Model and solve LP, MILP, and QP problems using NVIDIA cuOpt's GPU-accelerated solver. The Python API surface (Problem, SolverSettings, solve) is shared across all three problem classes — only the objective form and a few rules change.

Before You Start

Use a formulation summary (parameters, constraints, decisions, objective) if available; otherwise ask for decision variables, objective, and constraints. Then confirm problem type (LP / MILP / QP — see below) and variable types.

Choosing LP vs MILP vs QP

Decide from the objective and variables:

If the objective is...And variables are...Use
Linear (sum of c_i * x_i)All continuousLP
LinearSome integer or binaryMILP
Has squared (x*x) or cross (x*y) termsContinuous (integer QP not supported)QP (beta)

Prefer LP when the problem allows it. LP solves faster and has stronger optimality guarantees. Use MILP only when the problem logically requires whole numbers or yes/no decisions. Use QP only when the objective is genuinely quadratic (variance, squared error, kinetic energy).

Problem types that need extra care: Multi-period planning and goal programming are easy to misinterpret. Double-check that rates and constraints apply to the right time period or priority level (AGENTS.md: verify understanding before code).

  • Use LP when every quantity can meaningfully be fractional: flows, proportions, rates, dollars, hours, tonnes of material, etc.
  • Use MILP when the problem mentions counts of discrete entities, yes/no choices, or either/or decisions (e.g. open a facility or not, assign a person to a shift, number of trucks).
  • Use QP when the objective minimizes variance, squared error, or any expression with x*x or x*y terms (portfolio optimization, least squares, regularized regression).

Integer vs continuous from wording

Choose variable type from what the problem describes.

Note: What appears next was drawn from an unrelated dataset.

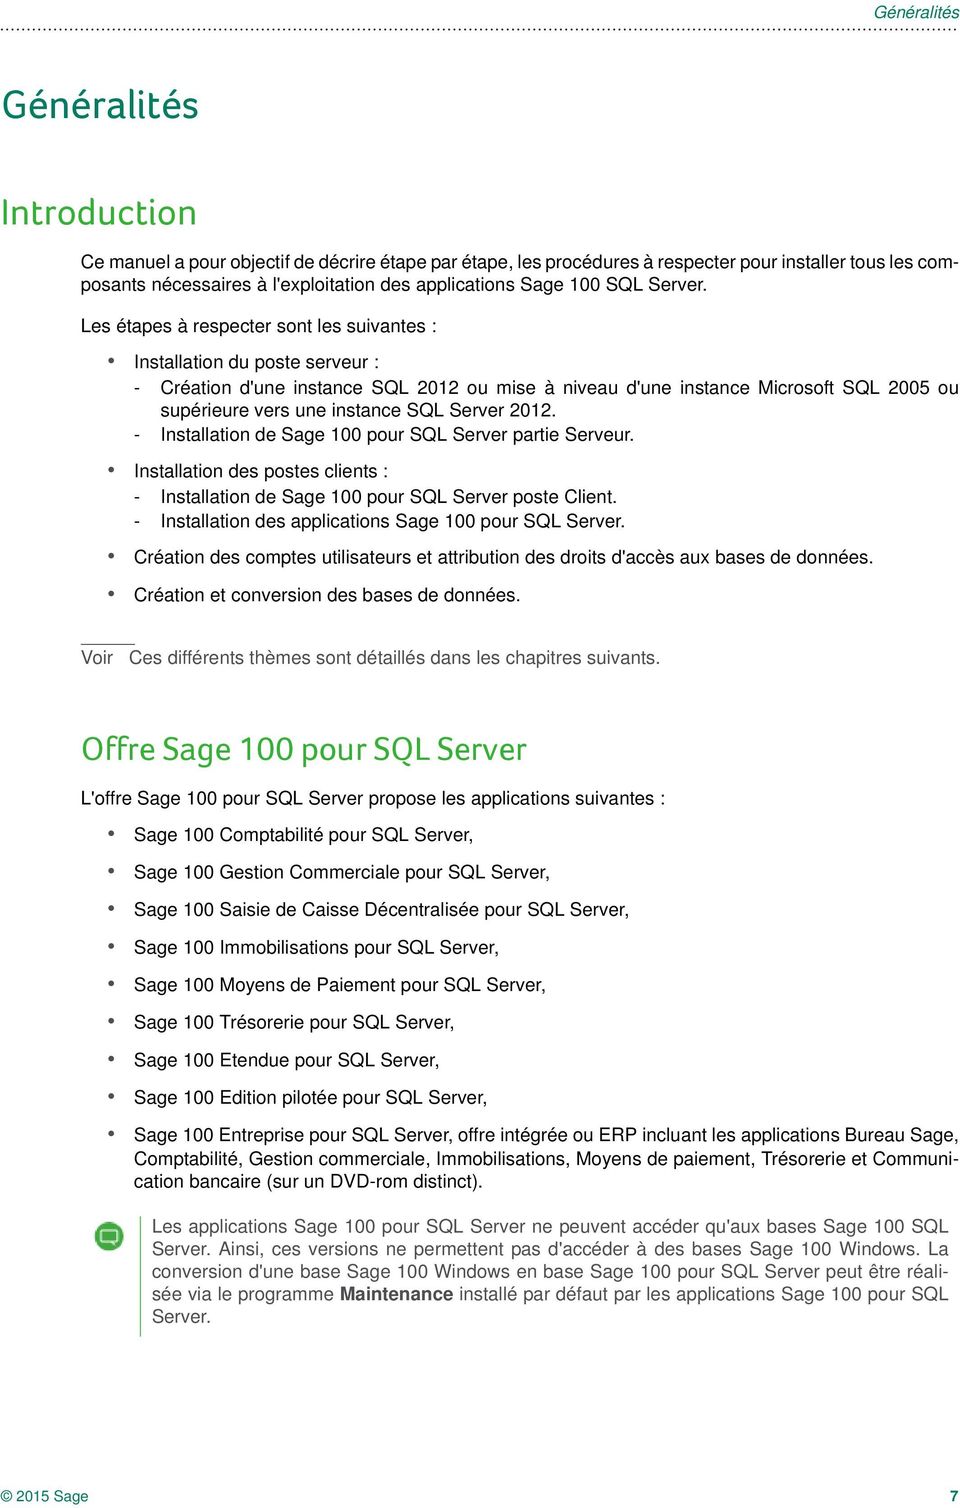 Les étapes à respecter sont les suivantes : Installation du poste serveur : - Création d'une instance SQL 2012 ou mise à niveau d'une instance Microsoft SQL 2005 ou supérieure vers une instance SQL

Problem wording / conceptVariable typeExamples
Discrete entities (counts)INTEGERWorkers, cars, trucks, machines, pilots, facilities, units to manufacture (when "units" means whole items), trainees, vehicles
Yes/no or on/offINTEGER (binary, lb=0 ub=1)Open a facility, run a machine, produce a product line, assign a person to a shift
Amounts that can be fractionalCONTINUOUSTonnes, litres, dollars, hours, kWh, proportion of capacity, flow volume, weight
Rates or fractionsCONTINUOUSUtilization, percentage, share of budget
UnclearPrefer INTEGER if the noun is a countable thing (a worker, a car); prefer CONTINUOUS if it's a measure (amount of steel, hours worked). If the problem says "whole" or "integer" or "number of", use INTEGER.

Rule of thumb: If the quantity is "how many things" (people, vehicles, items, sites), use INTEGER. If it's "how much" (mass, volume, money, time) or a rate, use CONTINUOUS unless the problem explicitly requires whole numbers.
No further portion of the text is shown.